■ TASK DETAILS: The response should consist of every line below, restated exactly, with no pictures.

■ INFORMATION SUPPLIED:
────

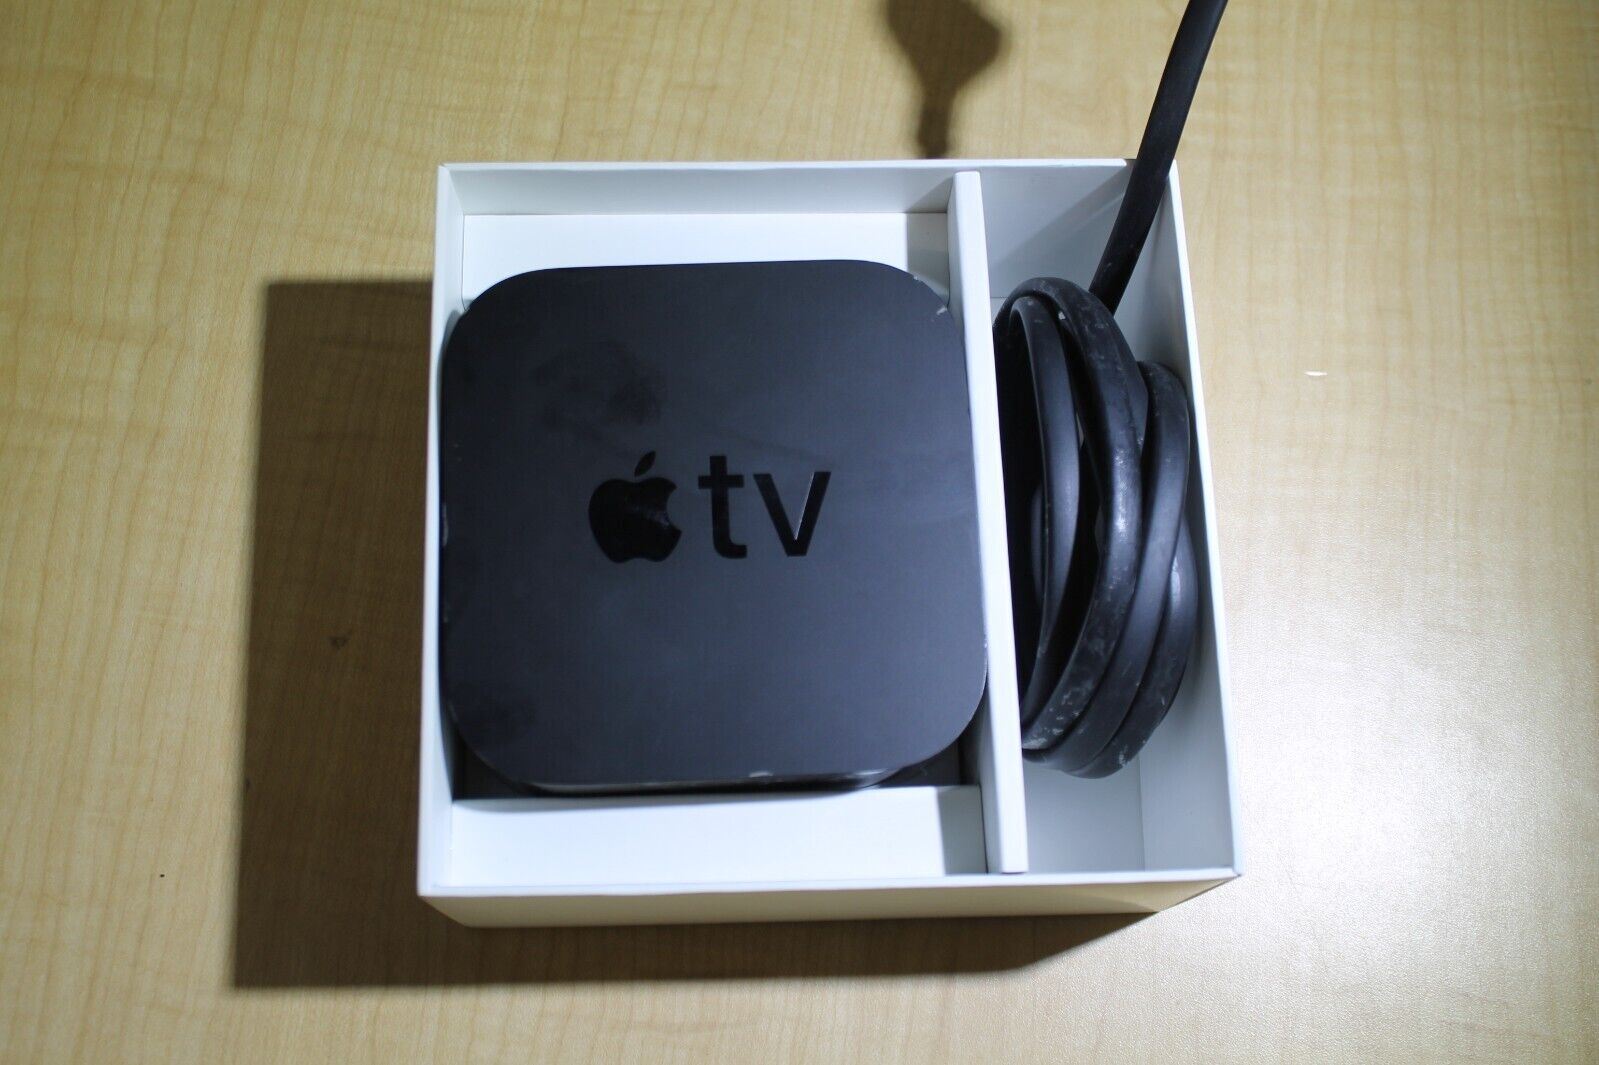 Apple TV 4K HDR 32GB A1842 w/ Remote & Box (used) | eBay
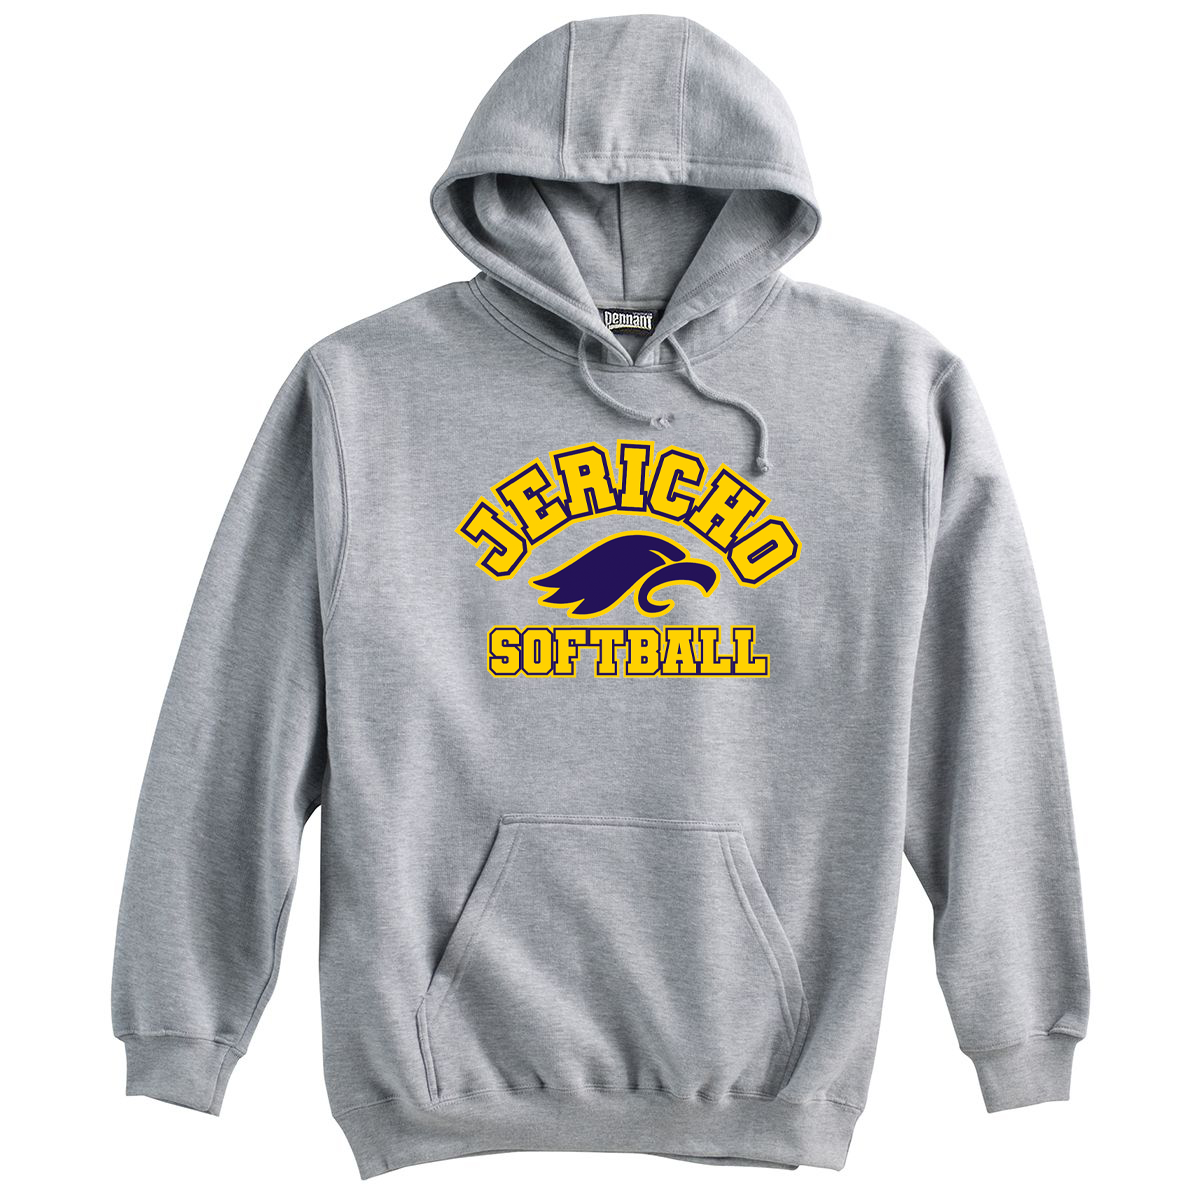 Jericho HS Softball Sweatshirt
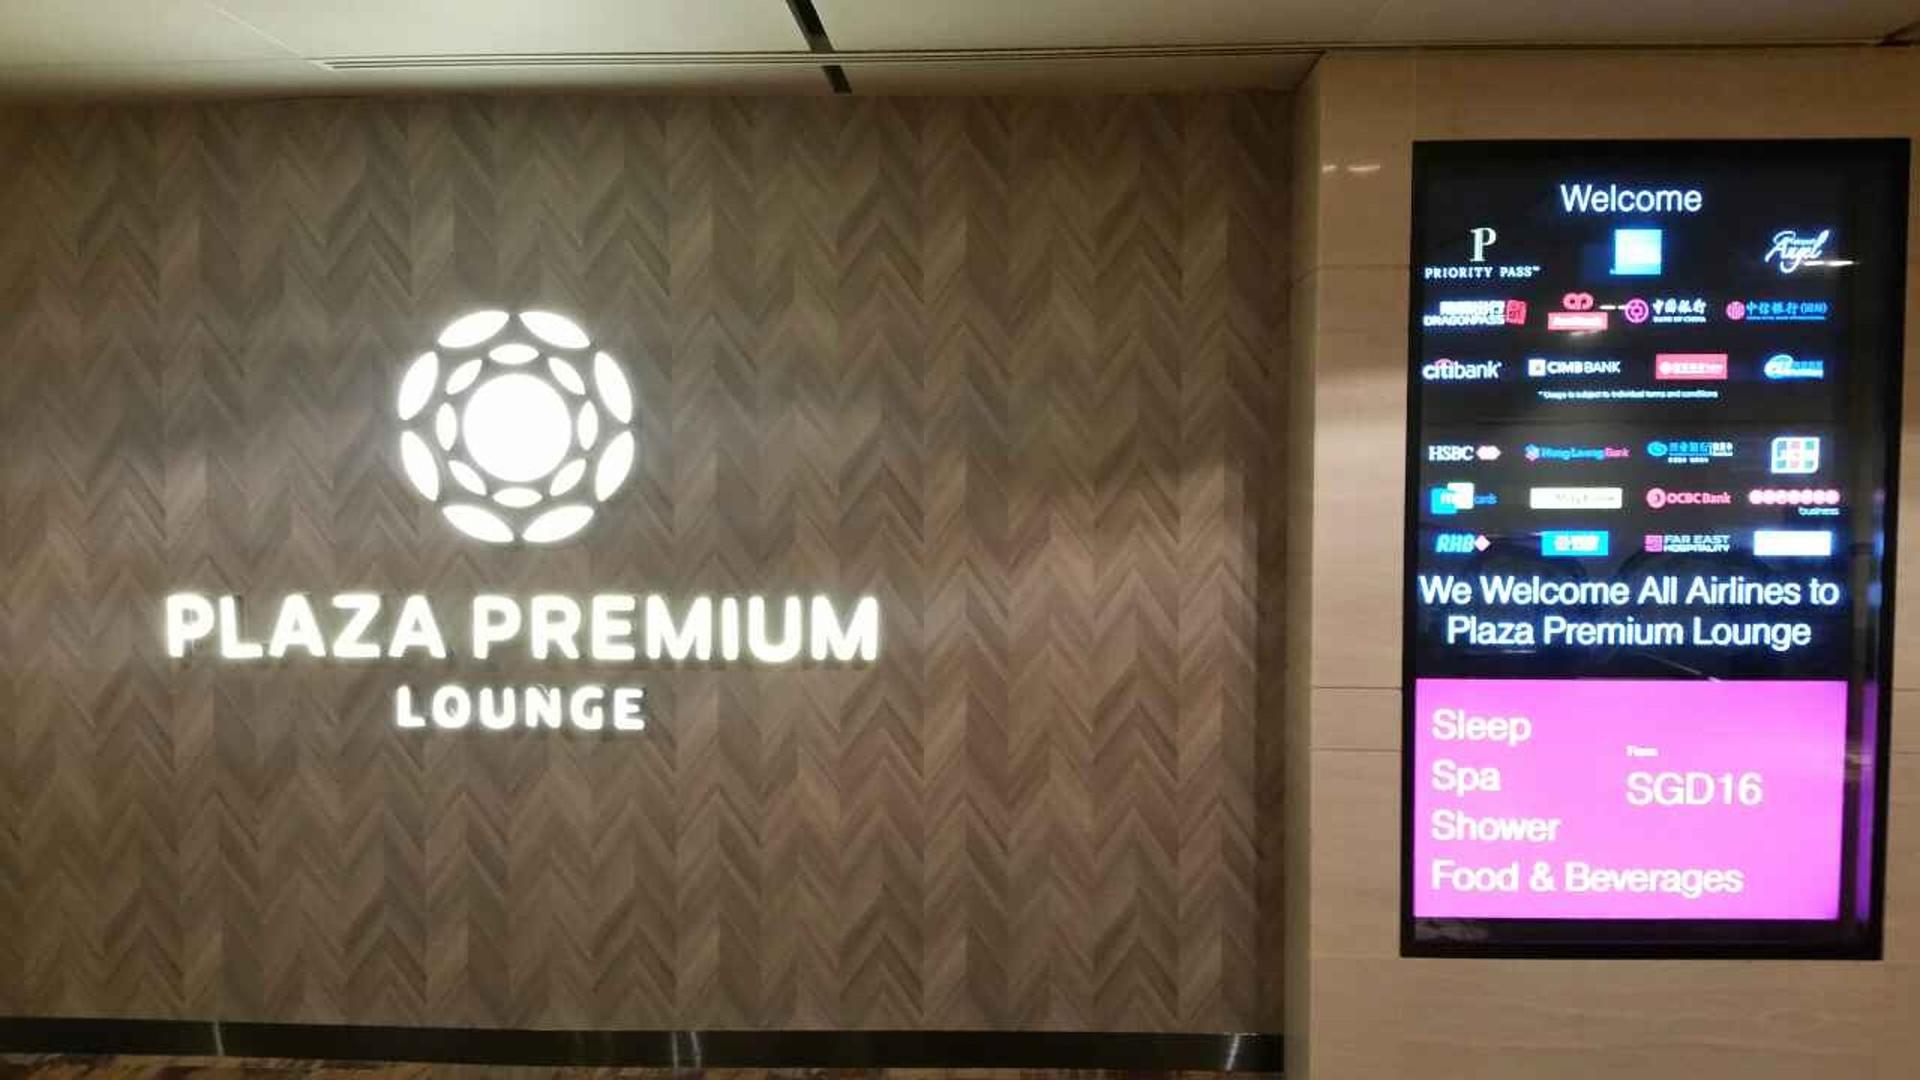 Plaza Premium Lounge image 18 of 45

────

■ TASK ANSWER:
 Apple TV 4K HDR 32GB A1842 w/ Remote & Box (used) | eBay
 Jericho HS Softball Sweatshirt
 Plaza Premium Lounge image 18 of 45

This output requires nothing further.